How It Works · Commands · Quick Start · MCP Clients · Troubleshooting
Why This Exists
Browser-testing agents often fail for boring reasons: stale helper processes, bad MCP registration, slow startup, terminal shutdown races, or cleanup that misses child processes.
Better Testing focuses on the operational layer that keeps those sessions stable:
- Native stdio MCP server with zero production dependencies
- Playwright-powered browser automation with visual overlay
- Multi-browser support: Chromium, Firefox, WebKit
- Provider setup for Claude Code, Codex, Cursor, Gemini CLI, OpenCode, Kiro, Autohand
- Advanced performance: Core Web Vitals + INP + LoAF script attribution + resource breakdown
- Compact/interactive snapshot modes (60-80% token reduction for AI agents)

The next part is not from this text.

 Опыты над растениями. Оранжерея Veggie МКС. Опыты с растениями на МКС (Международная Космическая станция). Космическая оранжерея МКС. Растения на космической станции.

- Snapshot diffing with Myers algorithm (track page state changes)
- Session recording with Playwright traces
- Security audit (headers, mixed content, insecure forms, open redirects)
- Sensitive data filtering in console logs (API keys, tokens, passwords auto-masked)

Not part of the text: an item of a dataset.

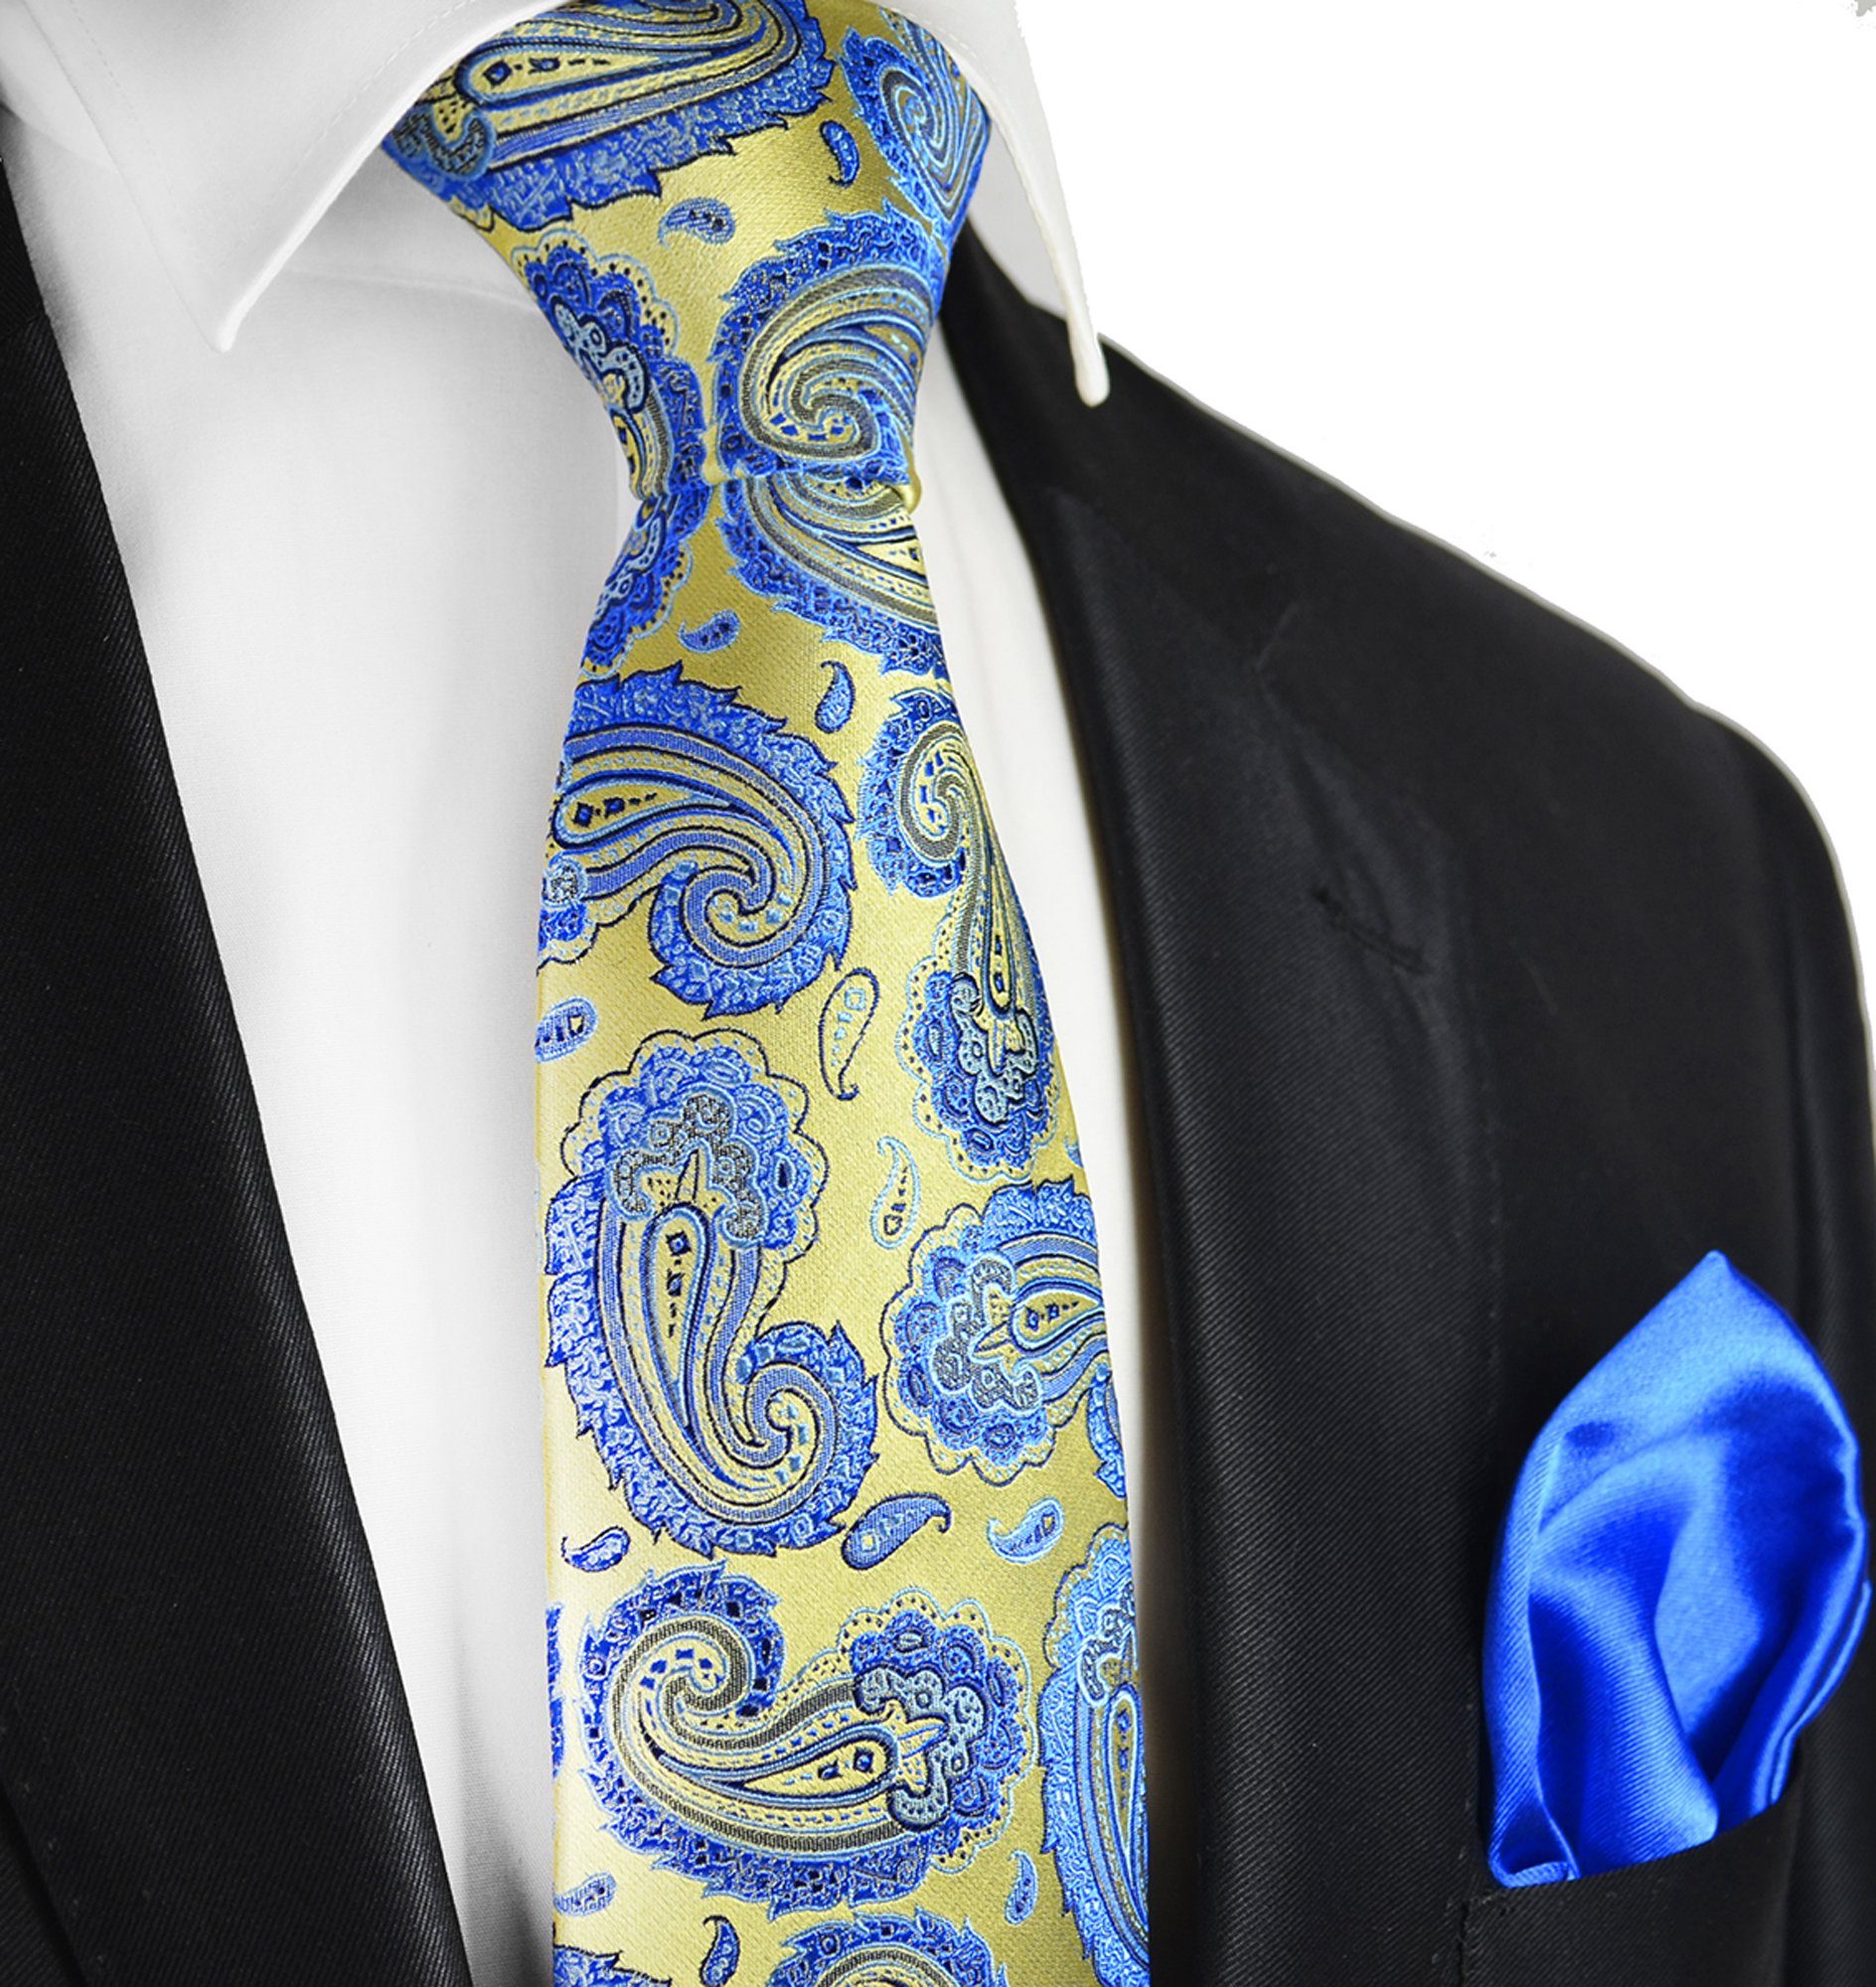 Paul Malone Krawatte 7-Fold Seidenkrawatte Schlips modern elegant 100% Seide paisley (Set, 2-St., mit Einstecktuch) gold blau S13977-9

- Stale process detection and cleanup
- Machine-readable diagnostics for automation
- Automatic browser cleanup on session disconnect
Better Testing vs Playwright
Better Testing is built on top of Playwright — it adds an MCP server layer, AI-agent integrations, and 41 specialized tools that raw Playwright doesn't provide out of the box.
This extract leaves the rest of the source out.